I am using the FilteredSourceControl block to prevent an endless loop of 
building, that's not the problem. The problem is that I can't create a tag with 
the changed version related files.

John

________________________________
From: [email protected] [mailto:[email protected]] On 
Behalf Of Sam Calder
Sent: Monday, March 16, 2009 7:38 PM
To: [email protected]
Subject: [ccnet-user] Re: CVS to SVN conversion problem

Some people modify their AssemblyInfo files, don't check them in, and do the 
build - and live with the fact that the tagged AssemblyInfo files are 
technically not correct. Presumably if you ever need to build from the tag, 
you'll know to manually update your AssemblyInfos to match, or set up a 
separate "build from tag" script to use the tag name in the files. Or just use 
the binaries you built the first time, which of course you backed up somewhere 
safe  ;-)

Alternatively you can use a FilteredSourceControl block (see the documentation 
for that block for an example that includes AssemblyInfo files). Disadvantage 
here is that if you check in the modified files it'll increment the change 
number in SVN, so only every second change list will get built (you may not 
care if your versioning scheme does not include the change number though).

Cheers,

 - Sam.

On Mon, Mar 16, 2009 at 7:02 PM, johnbigley 
<[email protected]<mailto:[email protected]>> wrote:

I am converting a Cruise Control .NET project that uses CVS to one
which uses SVN and I am running into a big problem.
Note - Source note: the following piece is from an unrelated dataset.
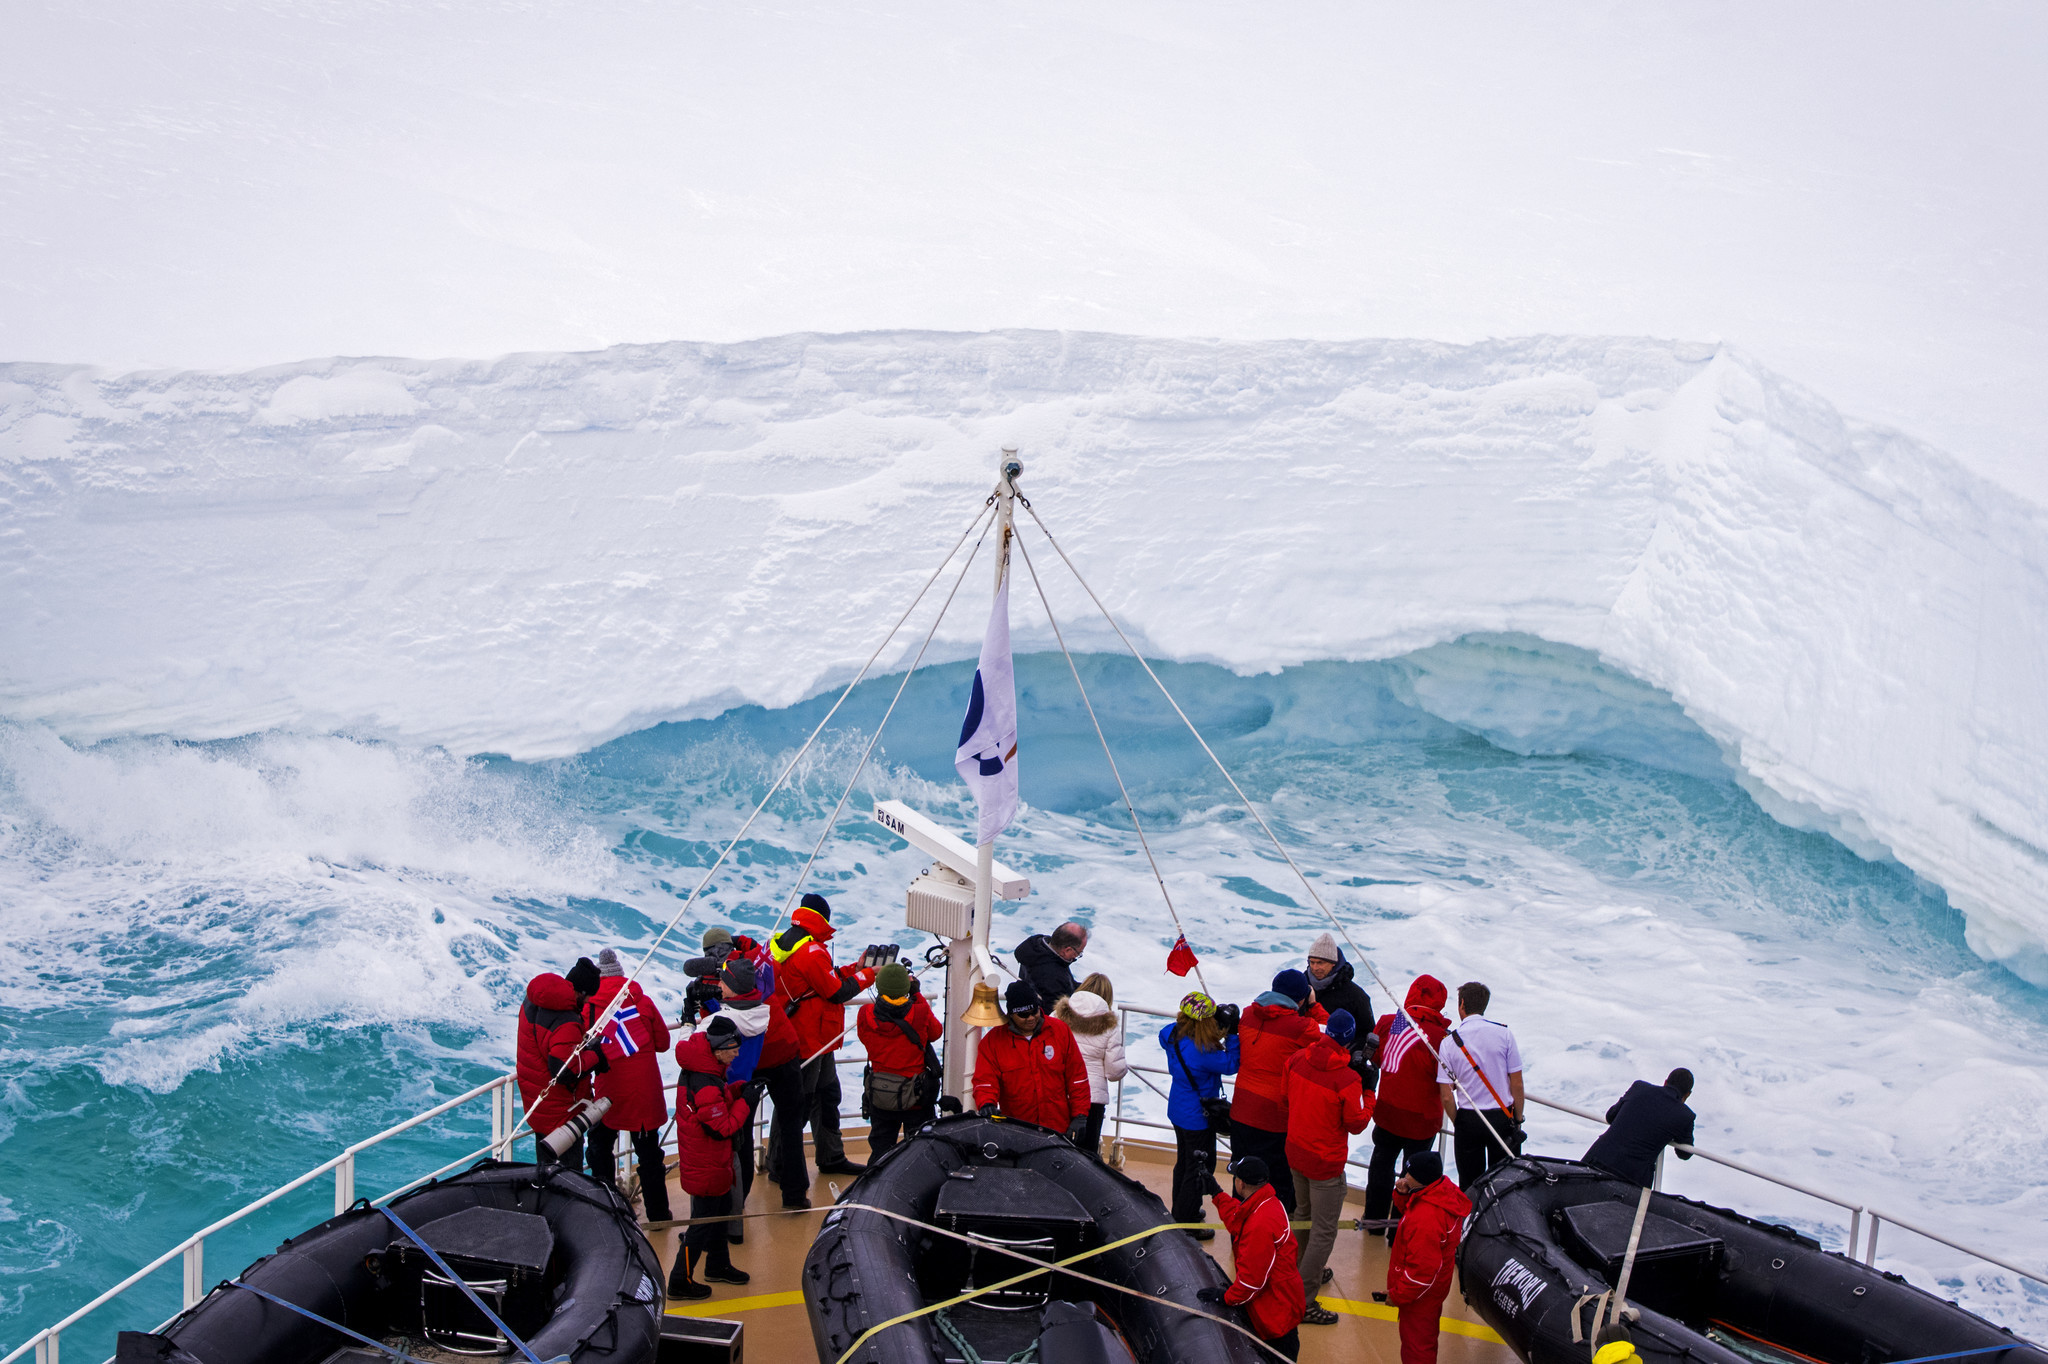 The World came within two meters of the Ross Ice Shelf.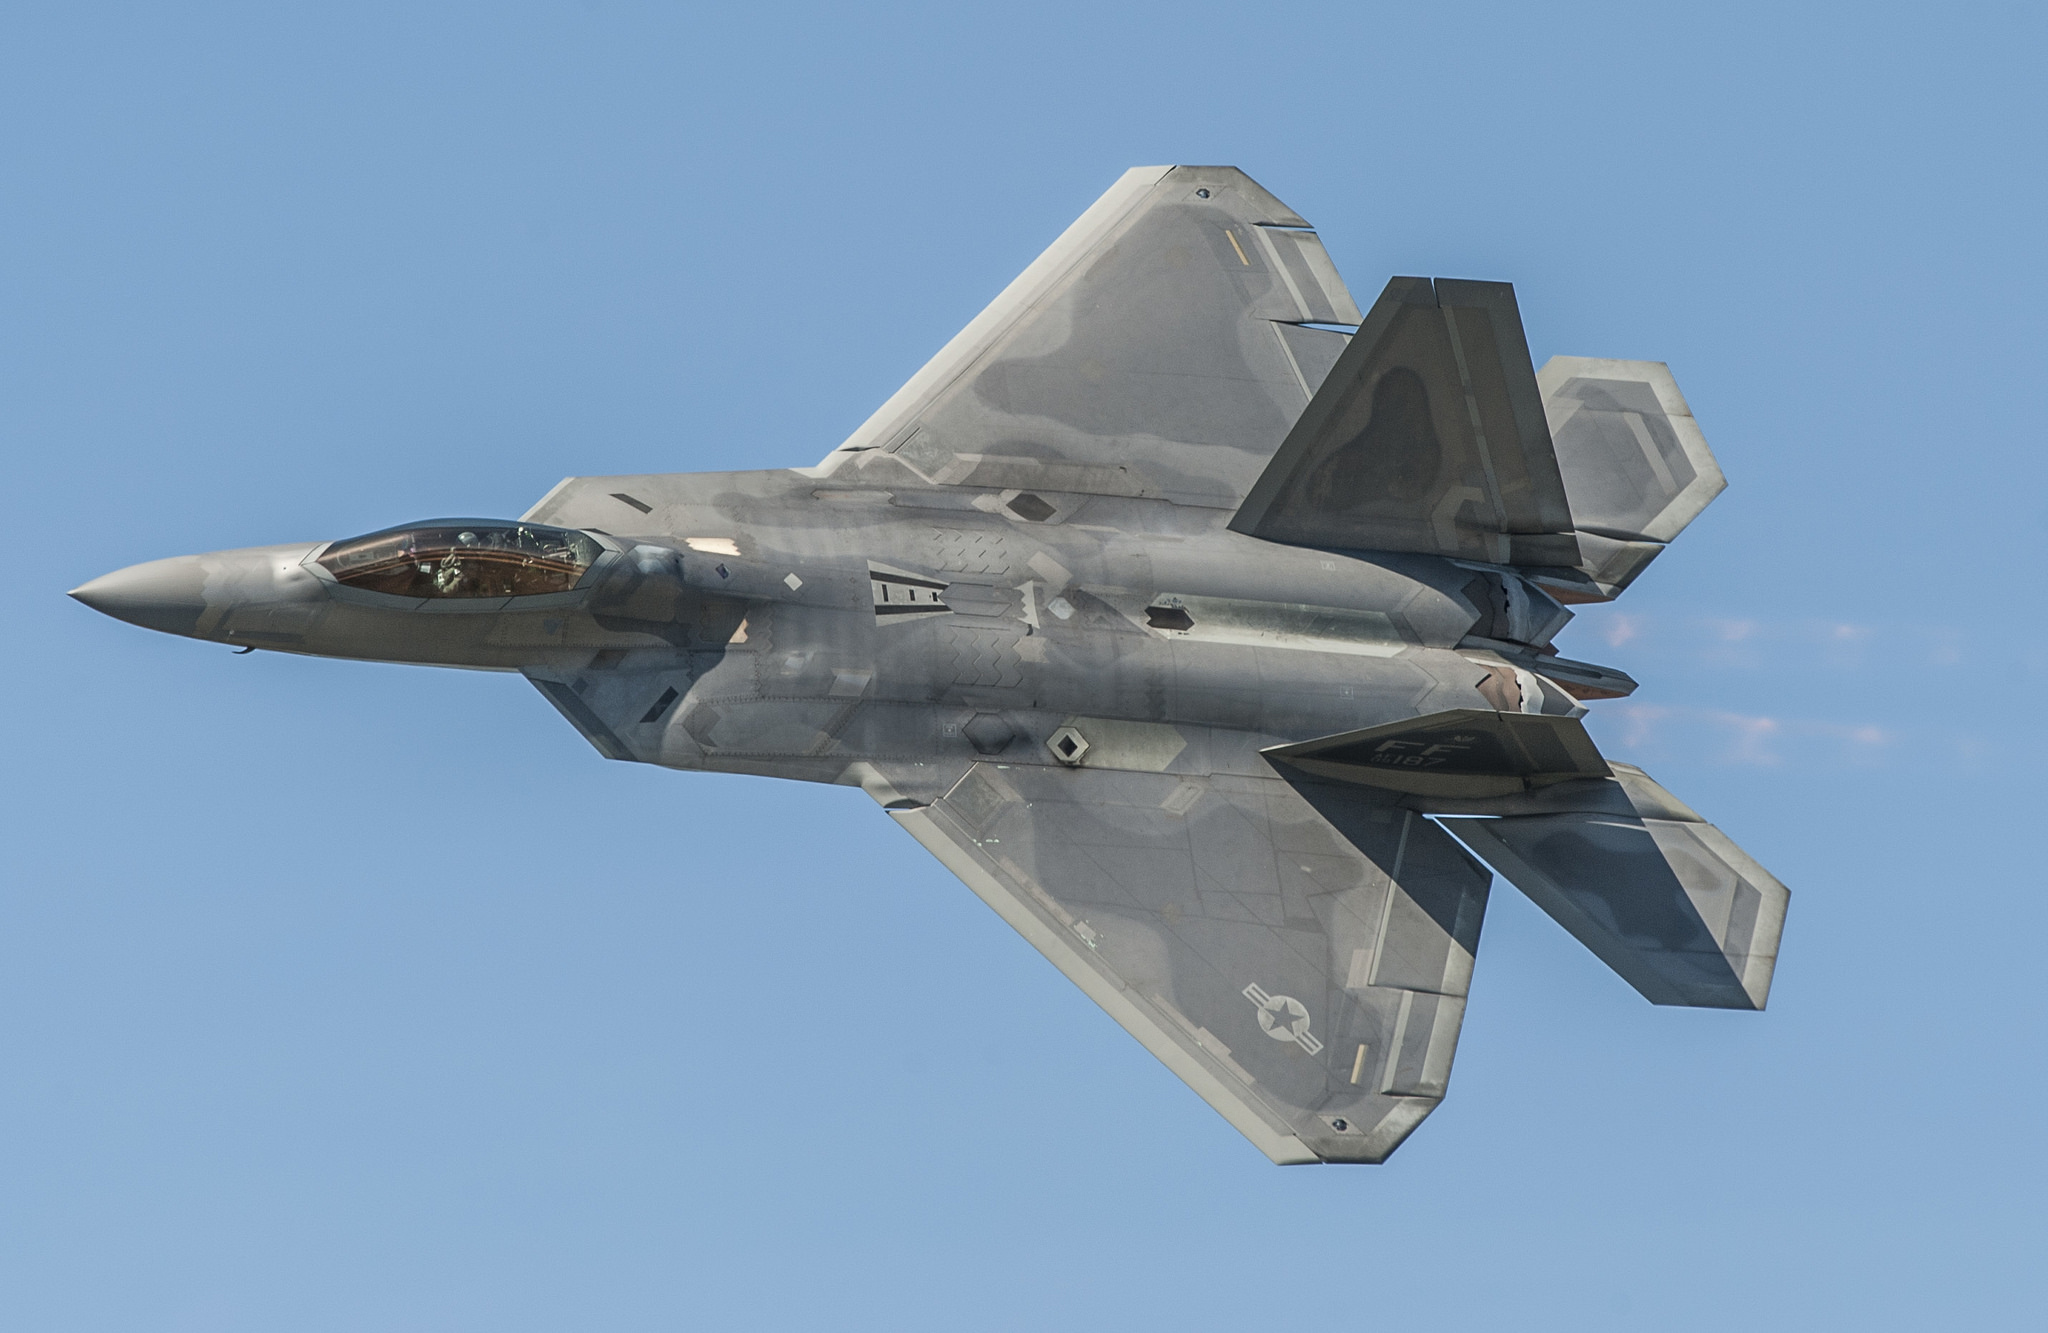 General 2048x1333 US Air Force F-22 Raptor military aircraft military vehicle aircraft military vehicle jet fighter Lockheed Martin American aircraft

The current
project updates the AssemblyInfo.cs and other version related files
with a version based on the label, commits these files, uses msbuild
to build the assemblies and executables, and labels/tags the source
that went into that build. This all works fine in CVS, but not SVN.
The problem I am running into with SVN is that if I change these files
and check them in before it runs update, it apparently knows the SVN
revision of the code when it started and does an update specific to
that revision. This revision does not include the version changes that
were made.

If I change the configuration to make the changes and do the commit
after the update, then it solves that problem, but when the tag/copy
is done it uses a specific revision that does not include these
changes. If I change the logic to not commit these changes then the
build picks up the correct version but the tag/copy does not include
the version changes. If I move the commit to the very end I get the
same problem; the wrong version files are in the tag.

Does anyone have a good solution to this?